* [Provided data]:
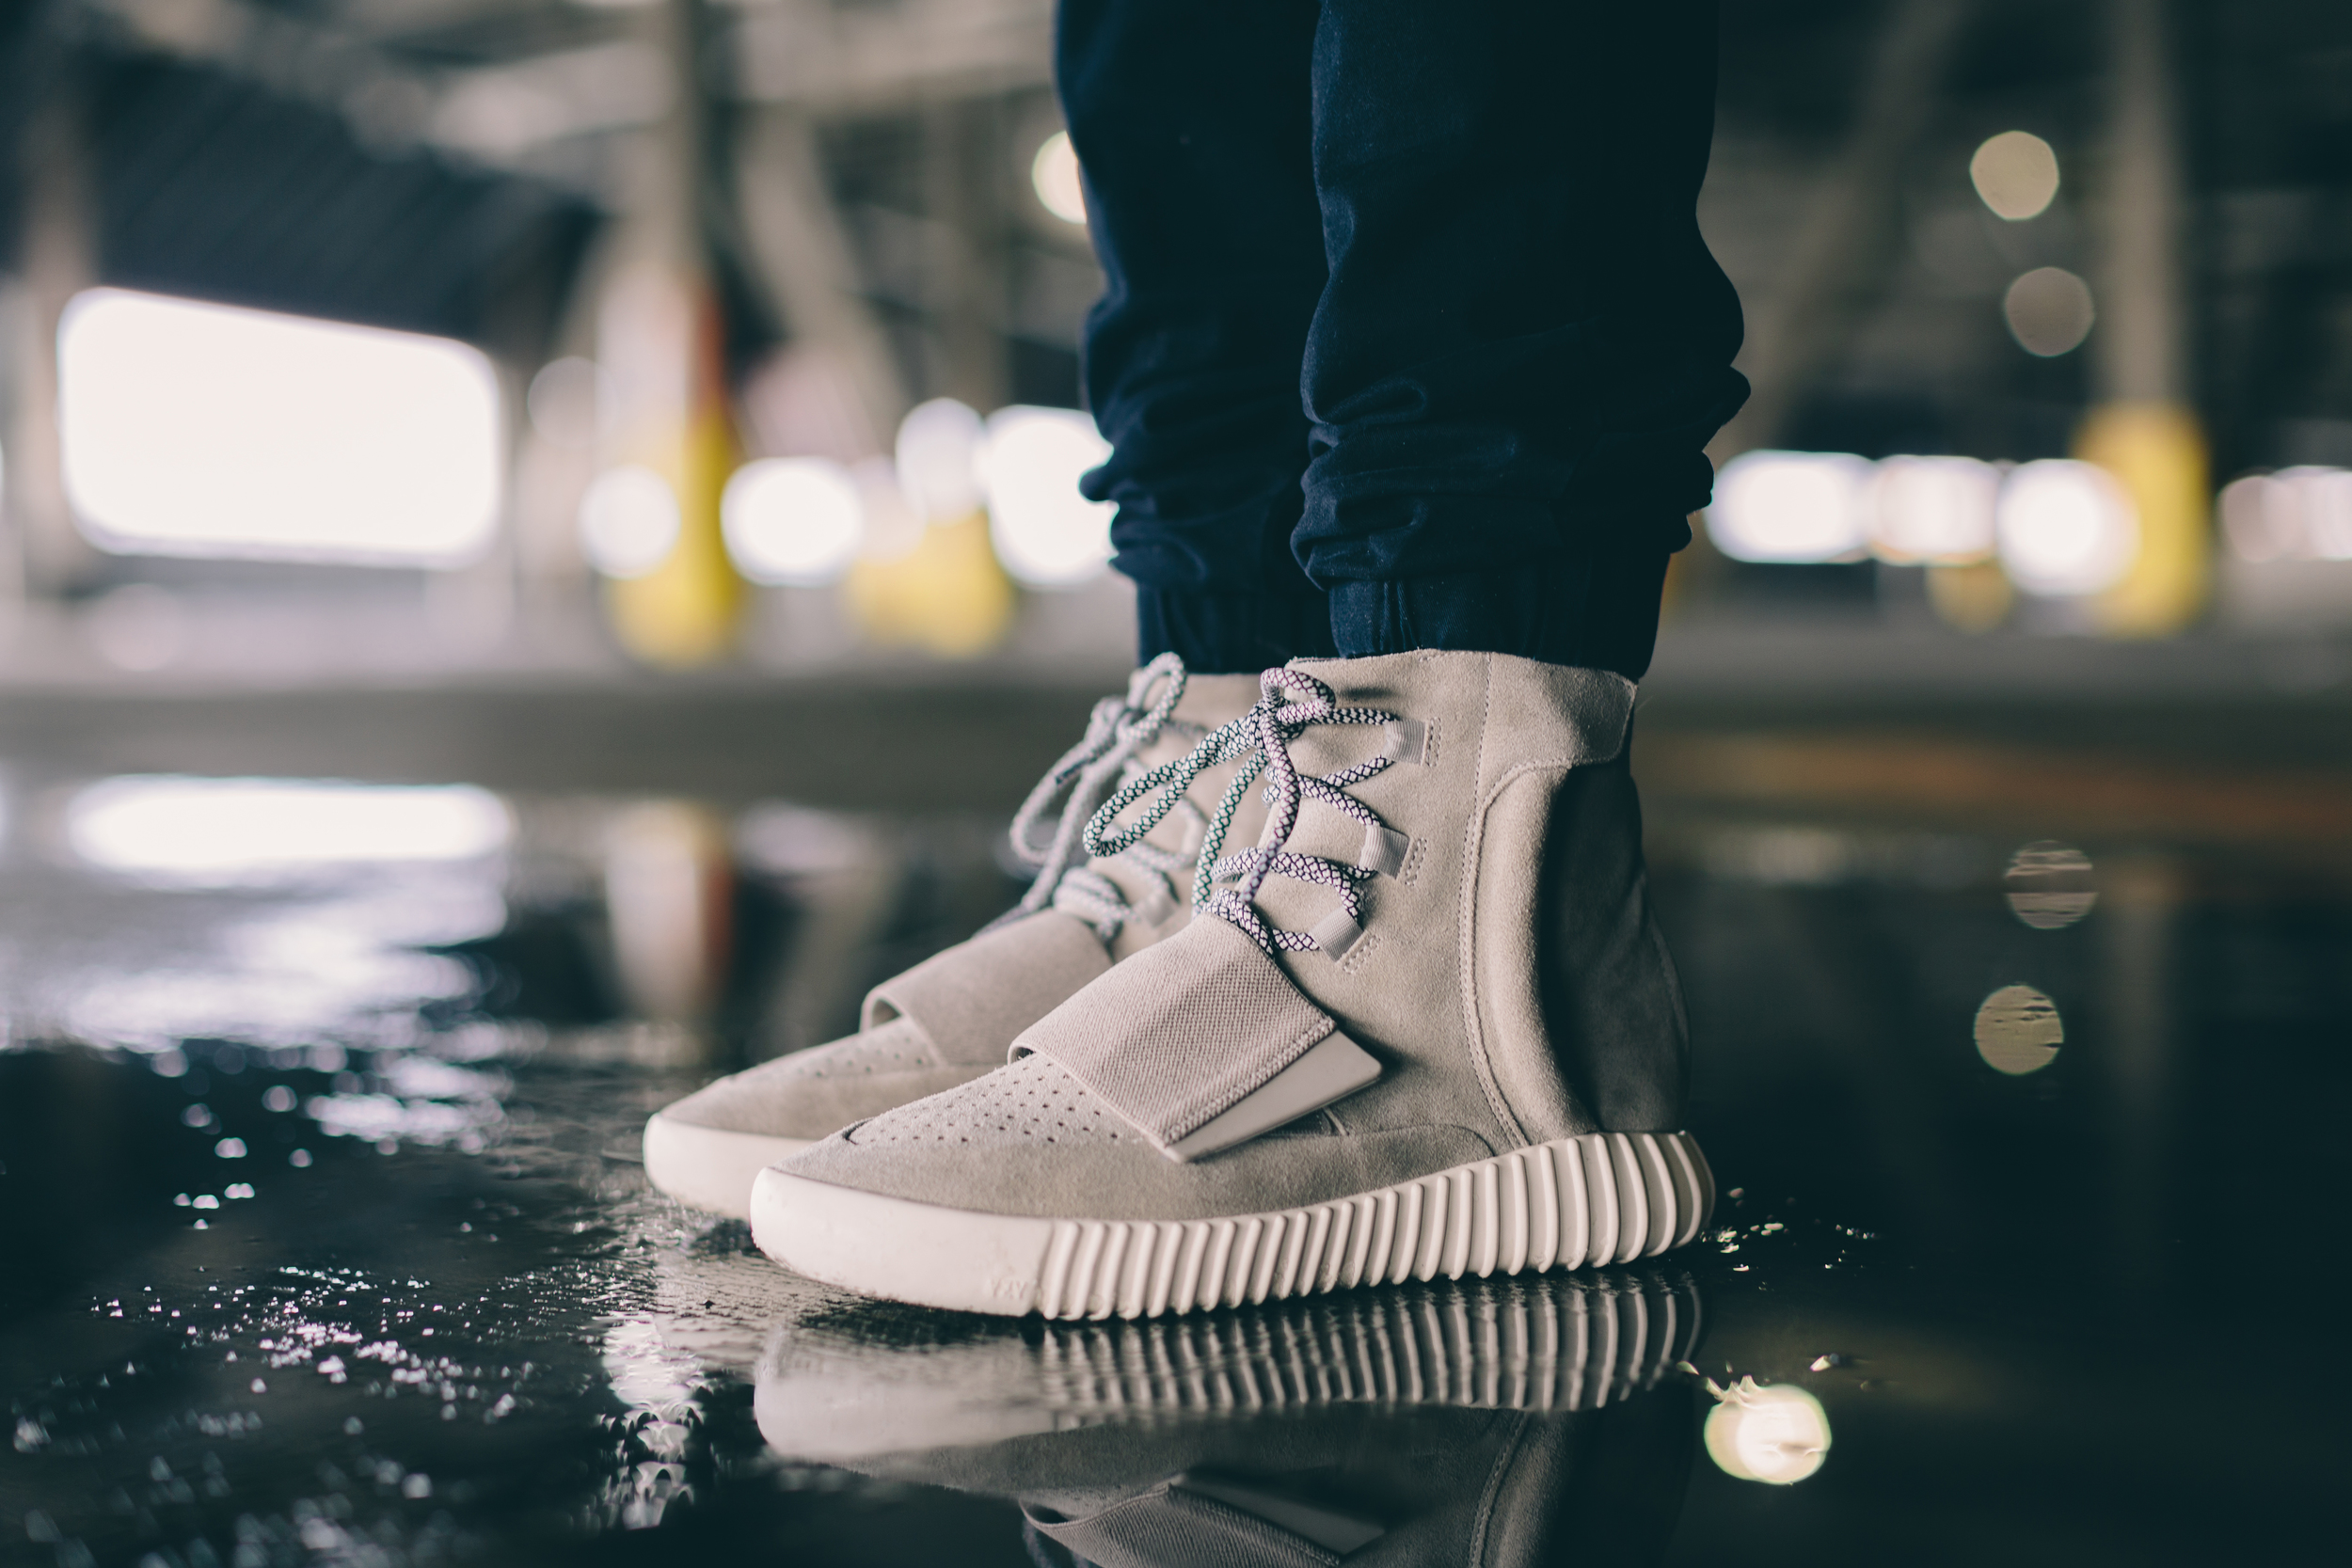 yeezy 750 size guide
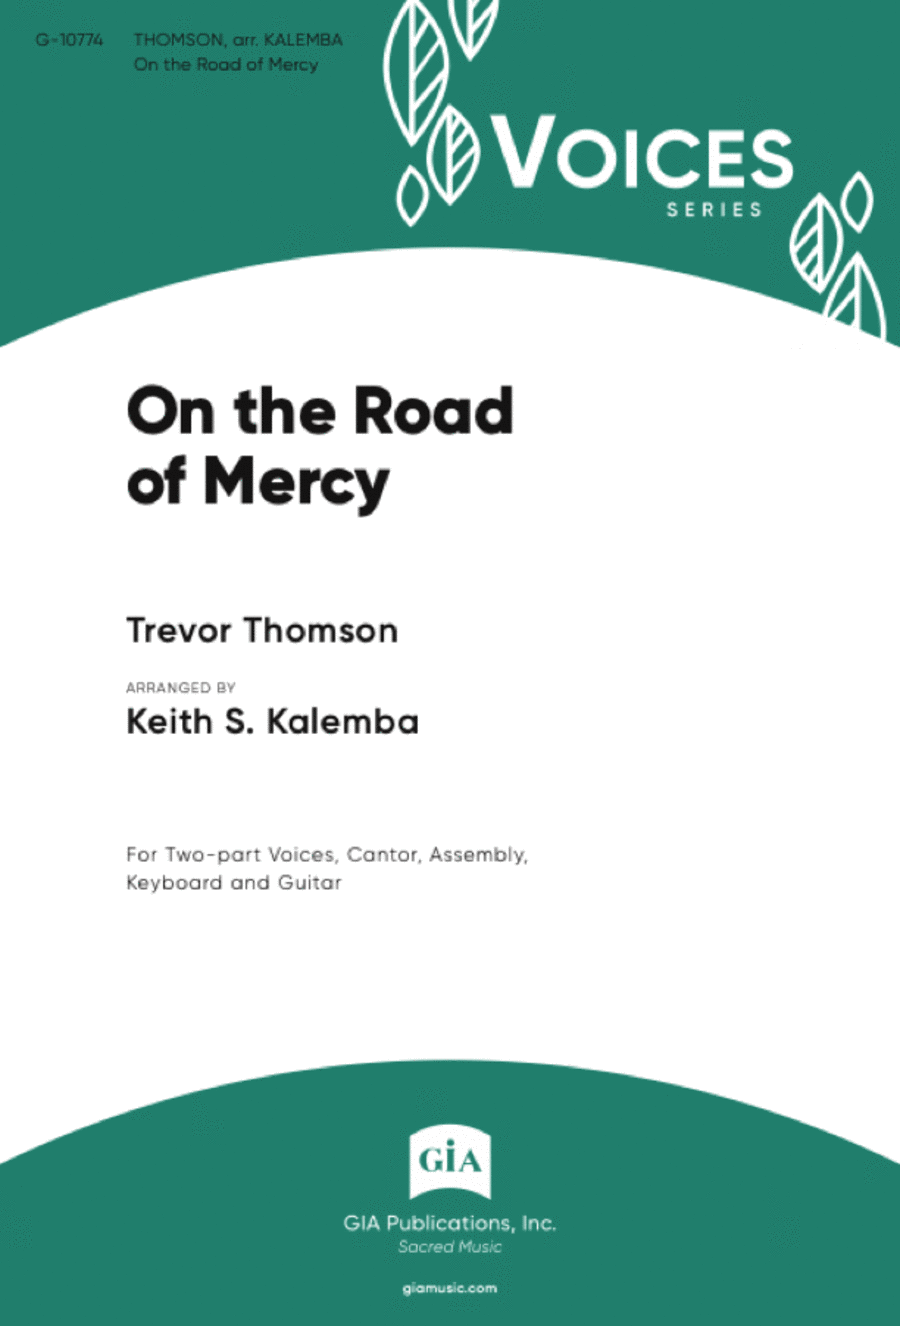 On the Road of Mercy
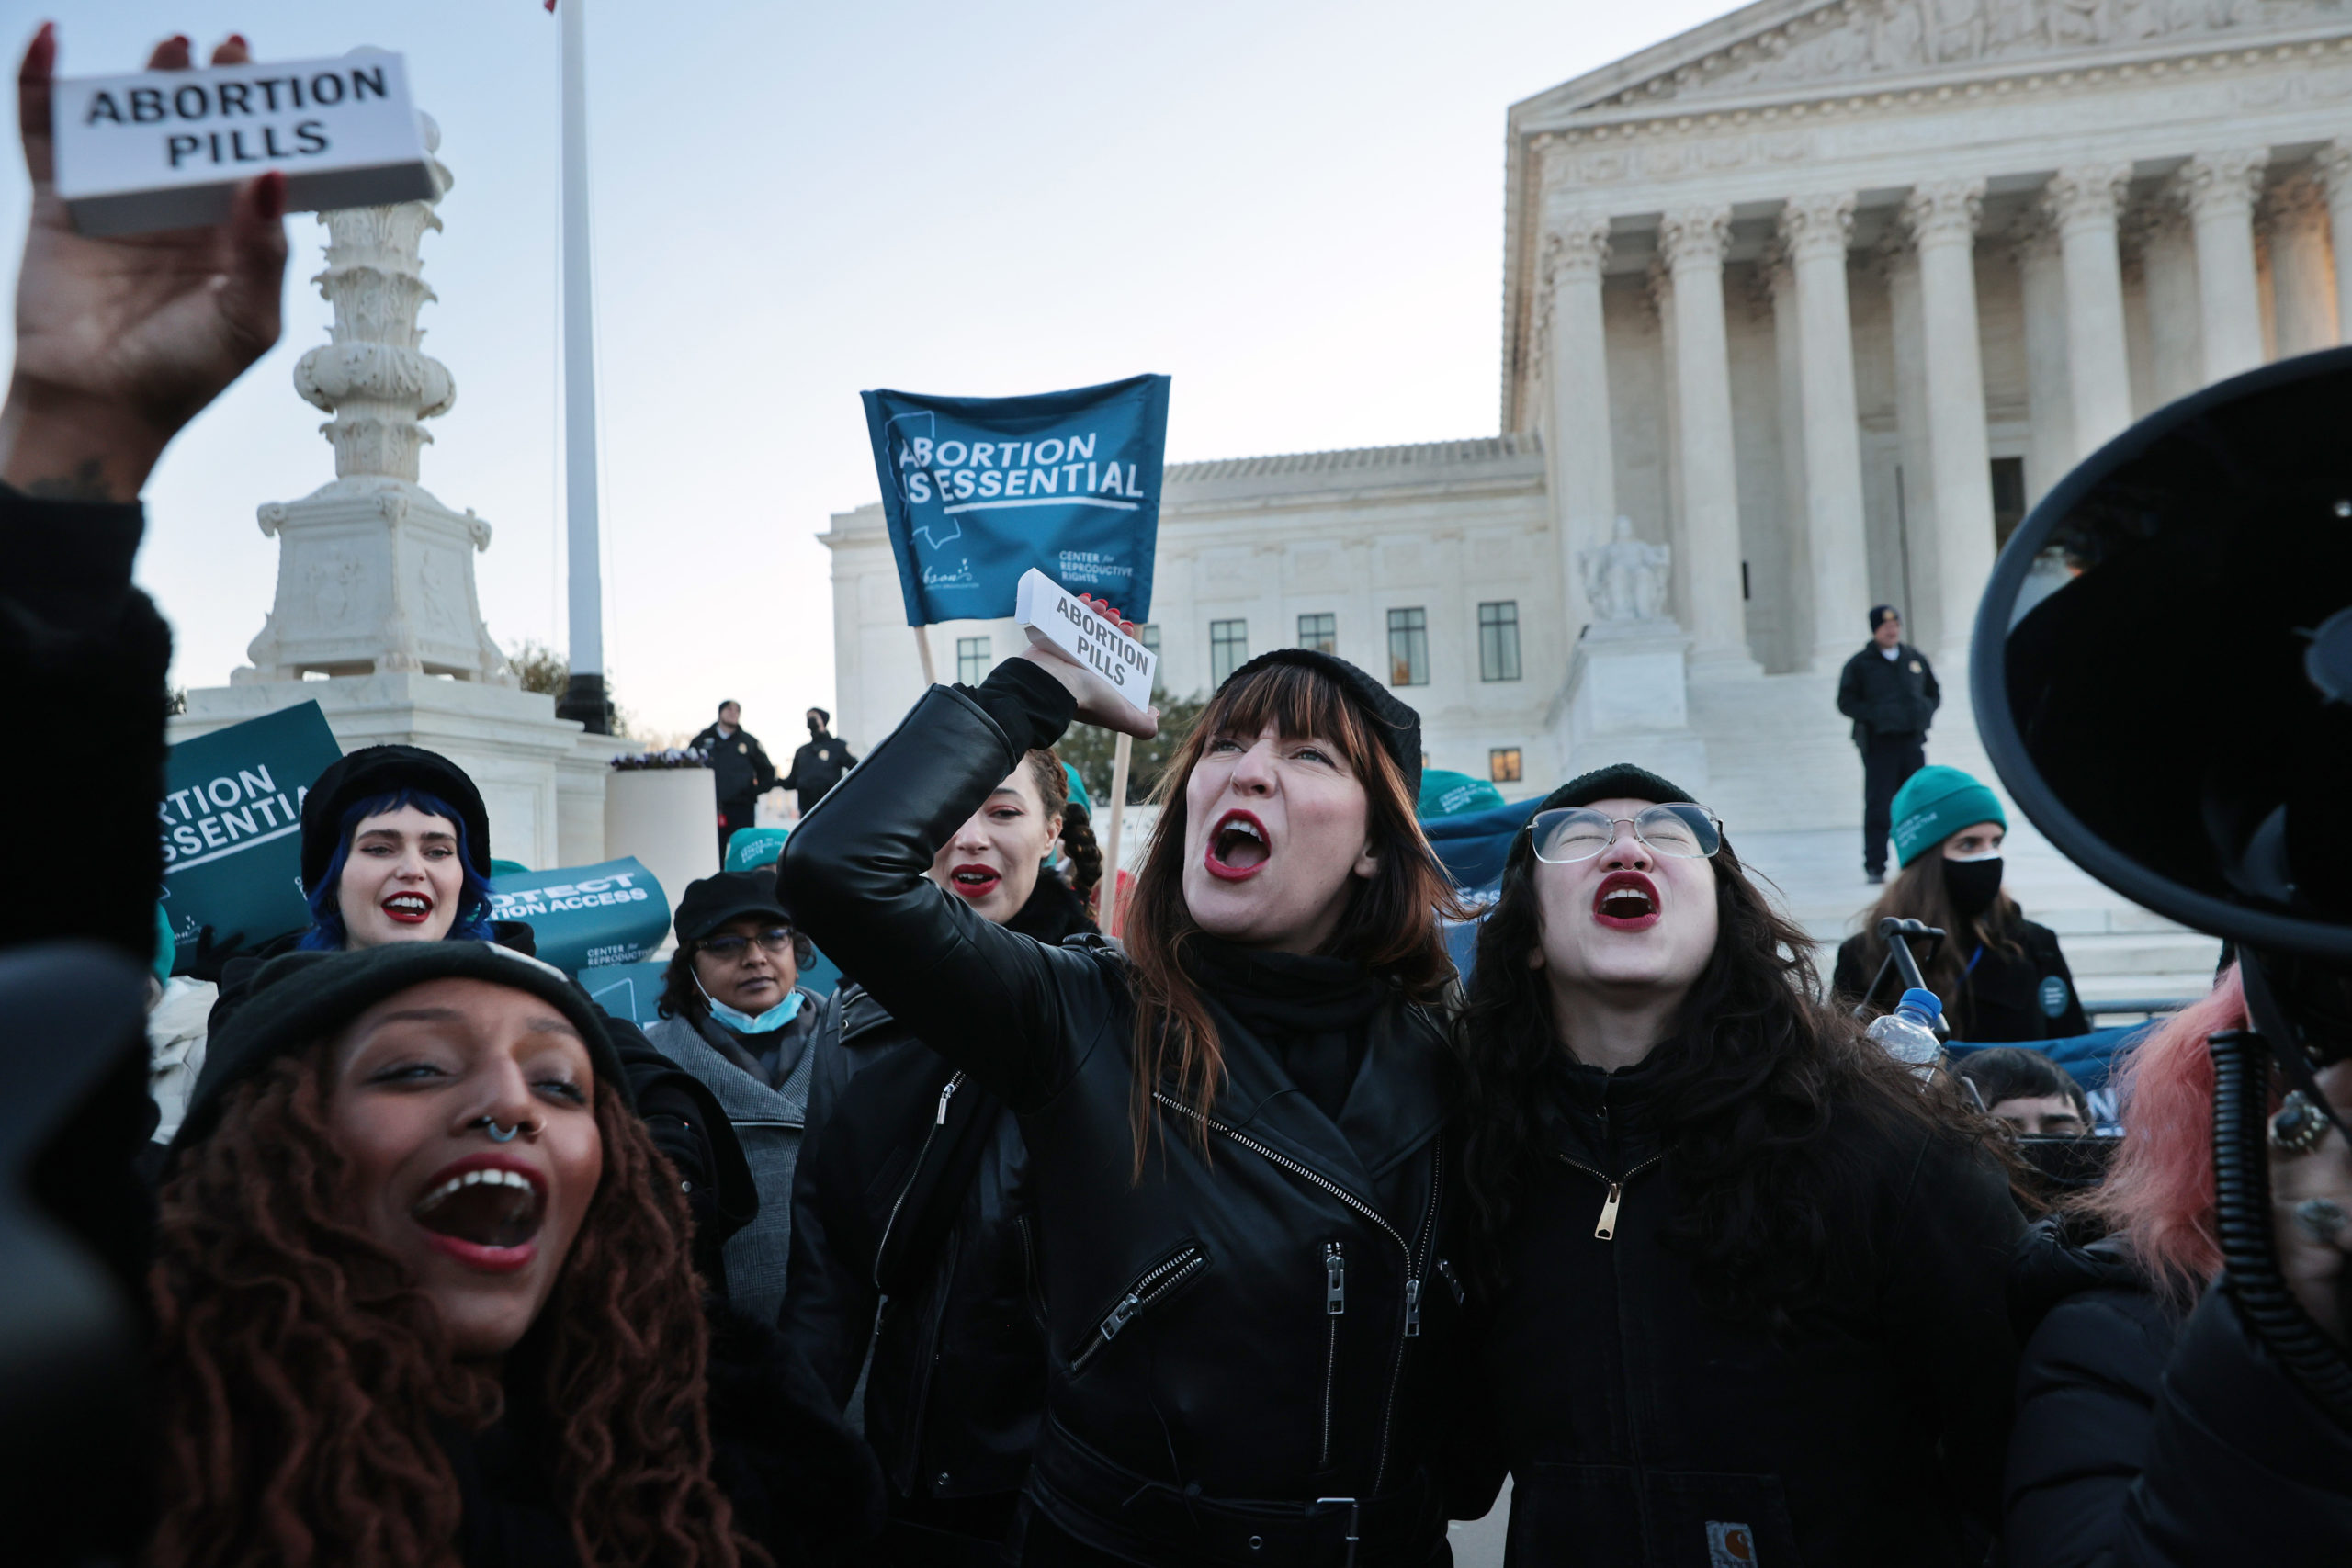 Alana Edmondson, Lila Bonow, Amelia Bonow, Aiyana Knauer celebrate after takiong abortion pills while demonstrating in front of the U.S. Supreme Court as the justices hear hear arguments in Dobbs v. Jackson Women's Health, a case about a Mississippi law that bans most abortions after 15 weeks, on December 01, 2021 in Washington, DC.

* [What you should do]: Aside from its pictures, the listing must be given again in full, exactly as it appears.

* [Exercise output]:
 yeezy 750 size guide
 On the Road of Mercy
 Alana Edmondson, Lila Bonow, Amelia Bonow, Aiyana Knauer celebrate after takiong abortion pills while demonstrating in front of the U.S. Supreme Court as the justices hear hear arguments in Dobbs v. Jackson Women's Health, a case about a Mississippi law that bans most abortions after 15 weeks, on December 01, 2021 in Washington, DC.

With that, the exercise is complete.